И я никогда не забуду слова моего Адмирала. Что сейчас на свете он боится лишь одного. Что мы не сможем историю изменить, и через сколько-то лет все пойдет, как там – распад СССР, реставрация капитализма. И вся наша суета здесь окажется битвой с ветряными мельницами. Три твари в этом веке причинили нашей стране, нашему народу, наибольший вред – Гитлер, Горбачев, Ельцин. И если в этой реальности мы предупреждены, и последние двое не поднимутся выше рядового рабочего или колхозника – то с их идеями может вылезти и другая мразь. Что марксизм о роли личности в истории говорит?

«Не бывает такого, чтобы один проходимец сбил с пути многомиллионную нацию» – Энгельс, «Восемнадцатое брюмера Луи Бонапарта». Значит, массы тоже хотели – как рассказывал мне мой Адмирал, «в девяносто первом мы верили, скинем комбюрократию, демократически выберем лучших – и все как в Швейцарии заживем». И выбрали – жуликов и воров, растащивших по карманам и оффшорам народное достояние – все, что мы десятилетиями создавали, за что кровь лили, себя не жалея!
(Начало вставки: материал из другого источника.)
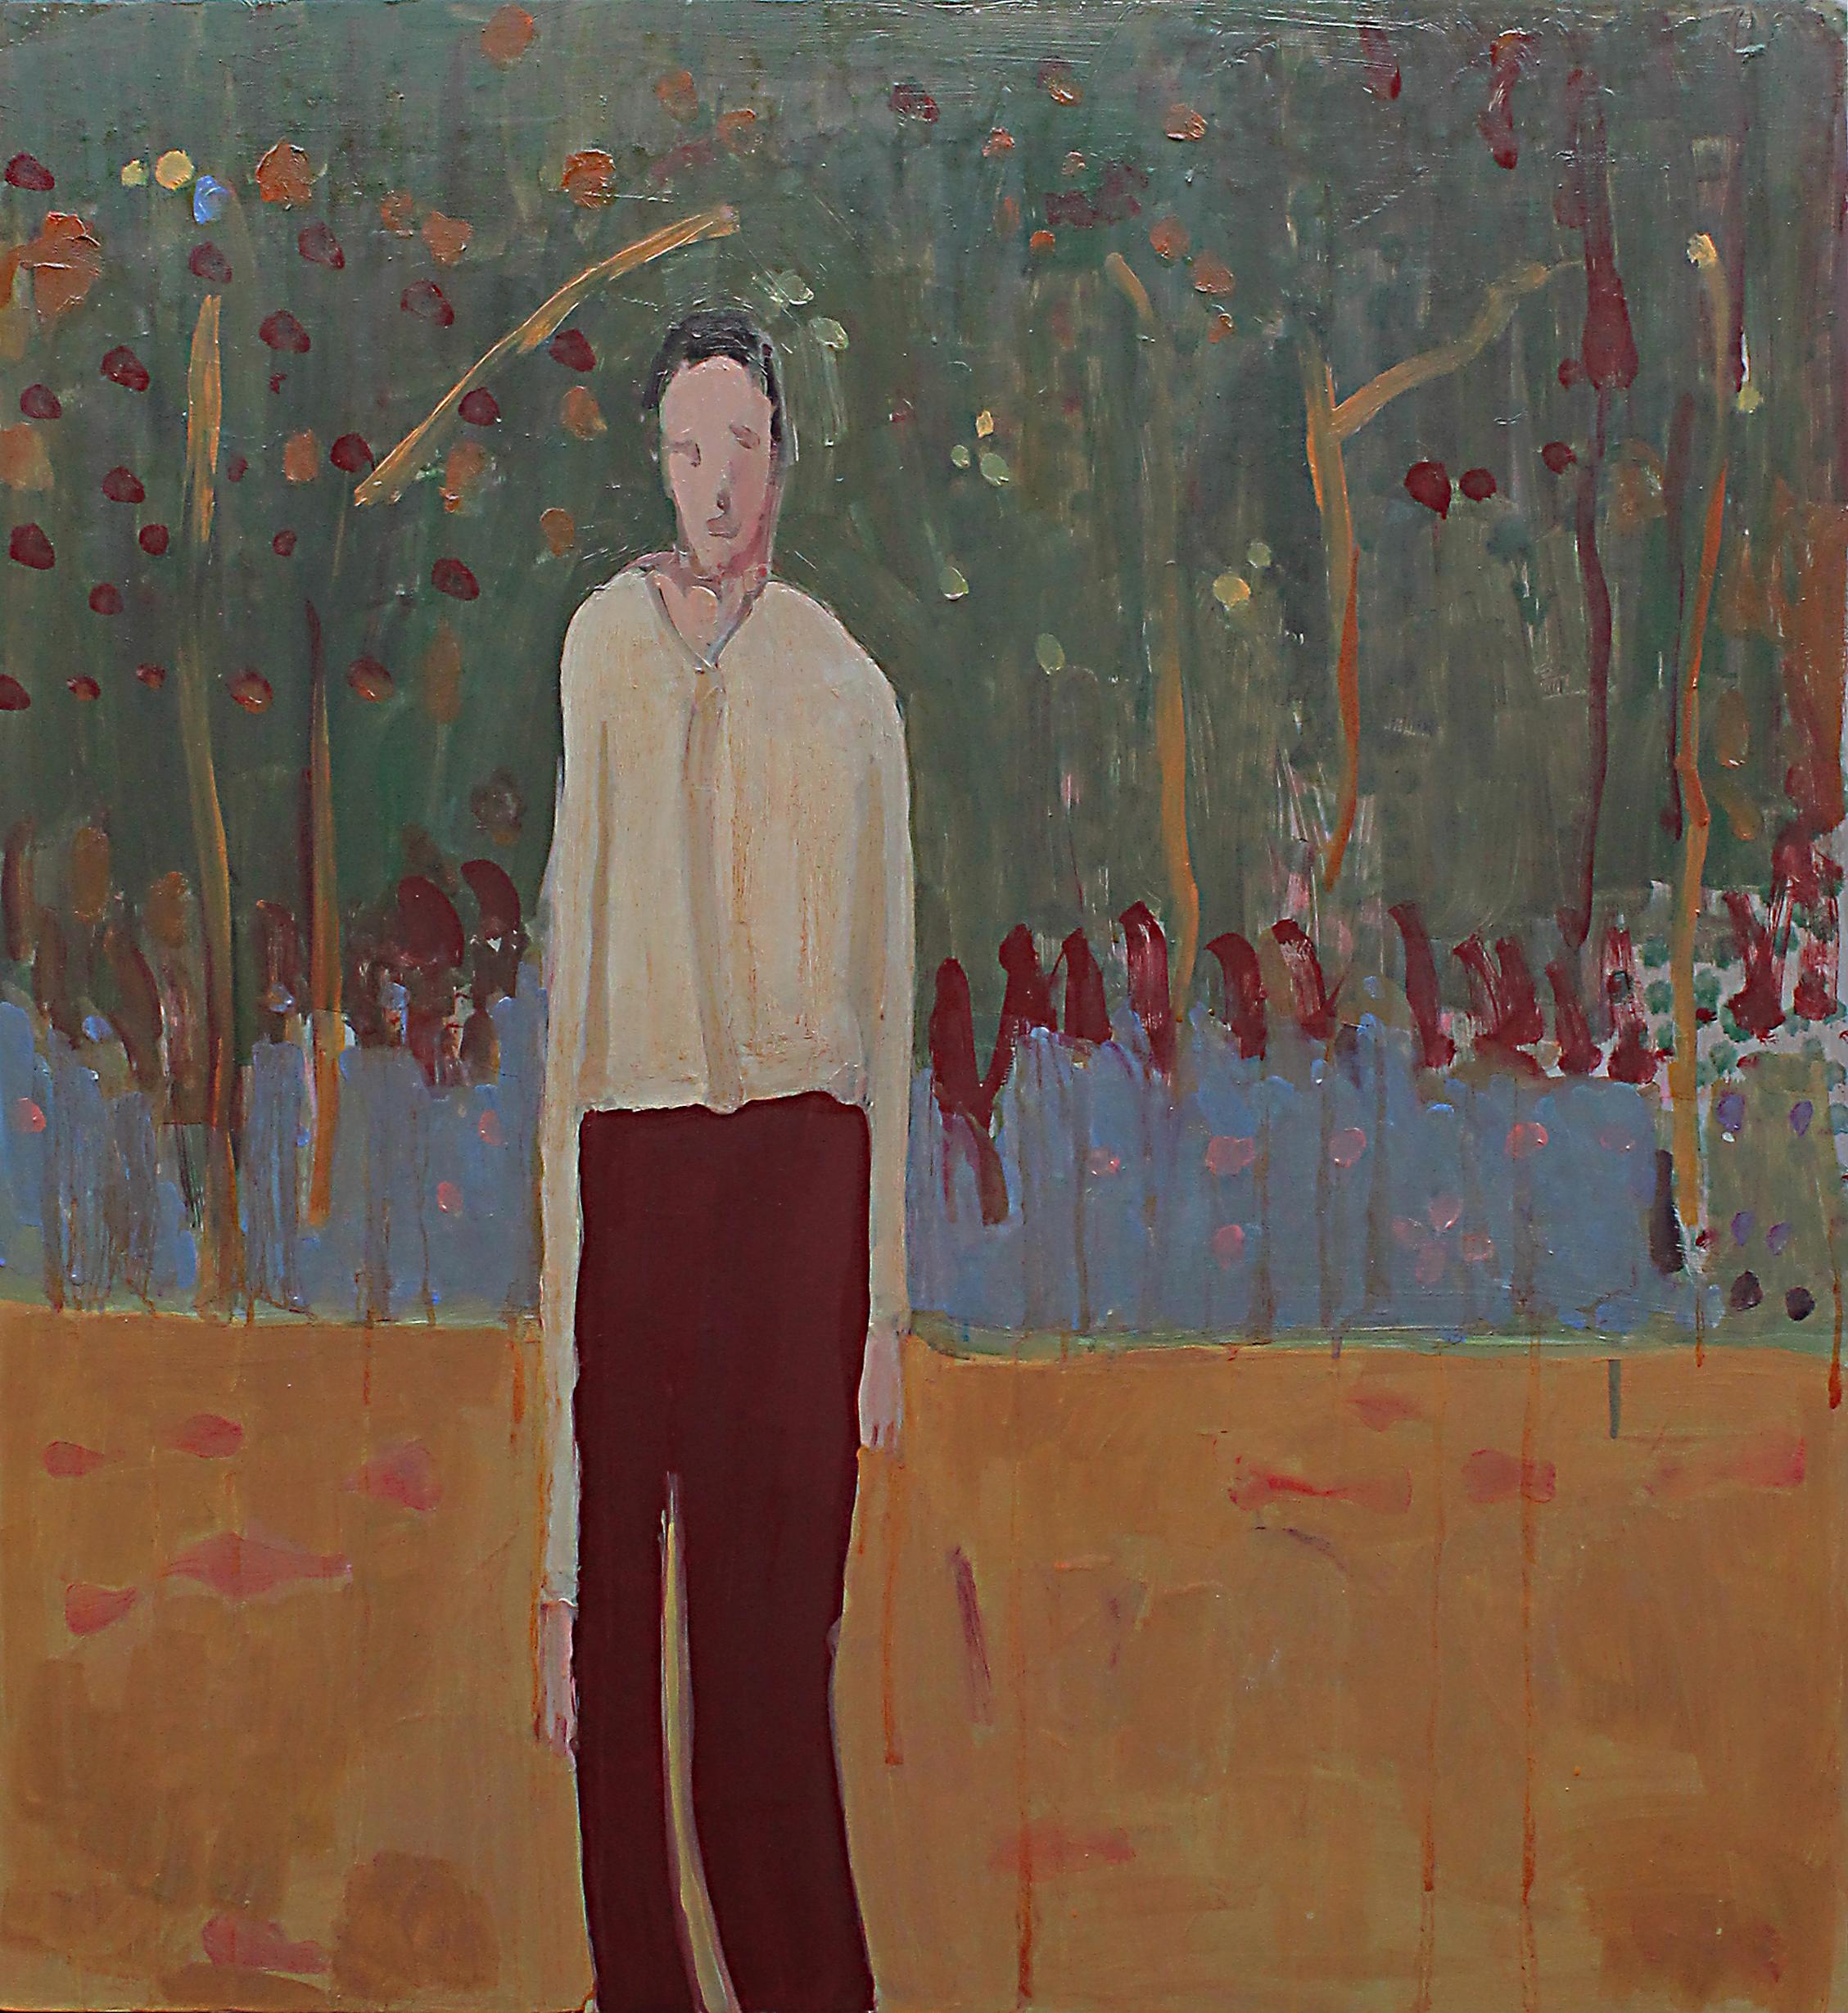 Francesco Cocco, Quando canta la luna il sole ha già mangiato, 2016, olio su tela, 90 x 80 cm

Легко остановить одну большую сволочь – но что делать со сволочной идеей, охватившей массы, как вирусный грипп?

Так и появилась наша служба. В мое первое дело в Киеве, то же лето победного сорок четвертого, я числилась как помощник члена ЦК ВКП(б) товарища Пономаренко, ответственного за пропаганду. Это удостоверение и сейчас у меня есть, как и «корочки» МГБ – согласно регламенту, сотрудники Службы партийной безопасности имеют право «при исполнении» на любую должность и фамилию. Мы стоим в иерархии выше, чем госбезопасность, но не подменяем ее – если их можно сравнить с хирургами, удалять пораженное уже развившейся болезнью, то мы – терапевты, должные процесс на ранней стадии перехватить, или даже гигиенисты – такие условия обеспечить, чтоб болезнетворным бациллам благоприятной среды не было с самого начала. Ну, а в разговоре к нам прилепилось неофициальное слово «инквизиция». Хотя герр Рудински (бывший группенфюрер, а сейчас бессменный пока глава Штази ГДР), с которым я свела знакомство, когда он приезжал в Москву по служебным делам (а после и я также побывала в гостях в Берлине), утверждал, что мы – это полный аналог СД, «партийная безопасность», также стоявшая в иерархии выше всех спецслужб рейха.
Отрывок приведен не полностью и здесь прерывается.